Famous Rhode Islanders

Roger Williams

Roger Williams (1603-1683) is most notable for not only founding the settlement of Providence, but also for the legacy of his beliefs on religious tolerance, fair treatment of Native Americans and the separation of church and state – said to be the source of inspiration for some of America’s most venerated political minds, including Thomas Jefferson.

Born in London in 1603, Roger's youth was spent in the parish of “St. Sepulchre's, without Newgate, London.” During his teens, Roger Williams came to the attention of Sir Edward Coke, a brilliant lawyer and one-time Chief Justice of England, through whose influence he was enrolled at Sutton's Hospital, a part of Charter House, a school in London. He next entered Pembroke College at Cambridge University from which he graduated in 1627. At Pembroke, he was one of eight granted scholarships based on excellence in Latin, Greek and Hebrew. Pembroke College in Providence, once the women's college of Brown University, was named after Pembroke at Cambridge in honor of Roger Williams.

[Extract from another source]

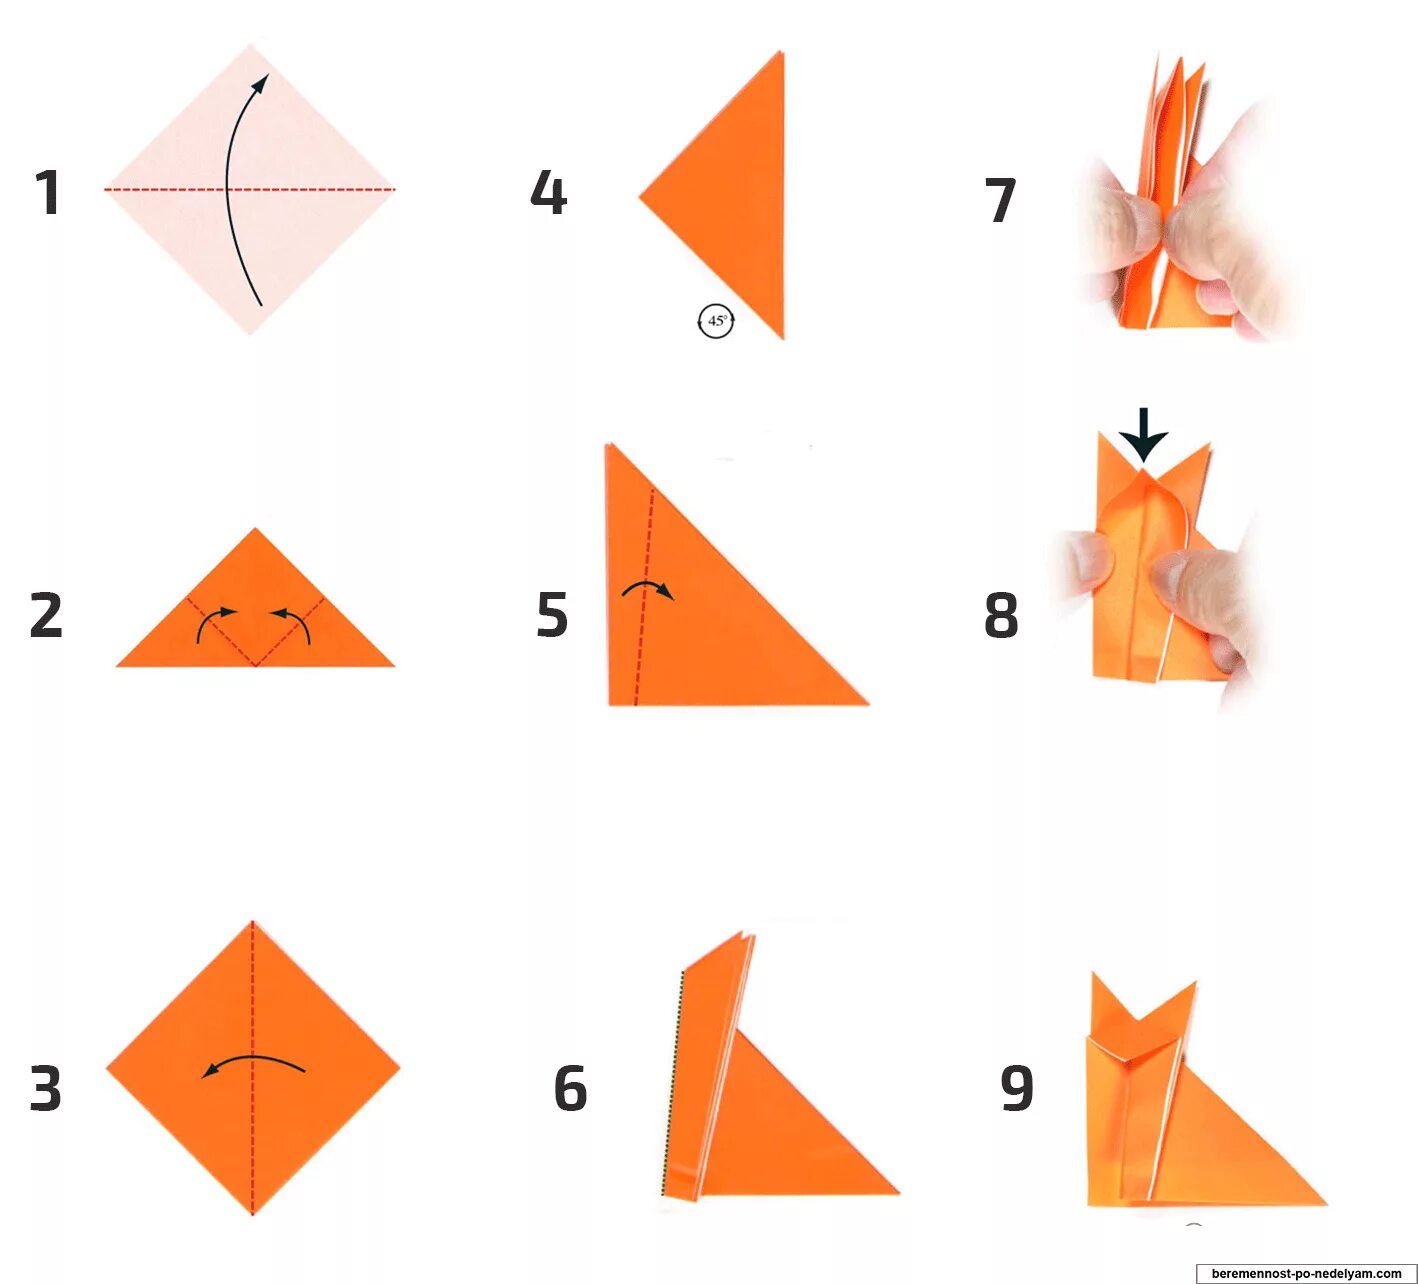 Простой способ оригами. Оригами из бумаги Лисичка пошагово для детей простой. Лисичка оригами из бумаги схемы для детей. Лиса оригами схема пошагово. Оригами схема пошаговая Лисичка.

In the years after he left Cambridge, Roger Williams was Chaplain to a wealthy family, and on 15 December 1629, he married Mary Barnard at the Church of High Laver, Essex, England. Even at this time, he became a controversial figure because of his ideas on freedom of worship. And so, in 1630, ten years after the Pilgrims landed at Plymouth, Roger thought it expedient to leave England. He arrived, with Mary, on 5 February 1631 at Boston in the Massachusetts Bay Colony.

He preached first at Salem, then at Plymouth, then back to Salem, always at odds with the structured Puritans. When he was about to be deported back to England, Roger fled southwest out of the Massachusetts Bay Colony, was befriended by local Indians and eventually settled at the headwaters of what is now Narragansett Bay, after he learned that his first settlement on the east bank of the Seekonk River was within the boundaries of the Plymouth Colony. Roger purchased land from the Narragansett Chiefs, Canonicus and Miantonomi and named his settlement Providence in thanks to God. The original deed remains in the Archives of the City of Providence.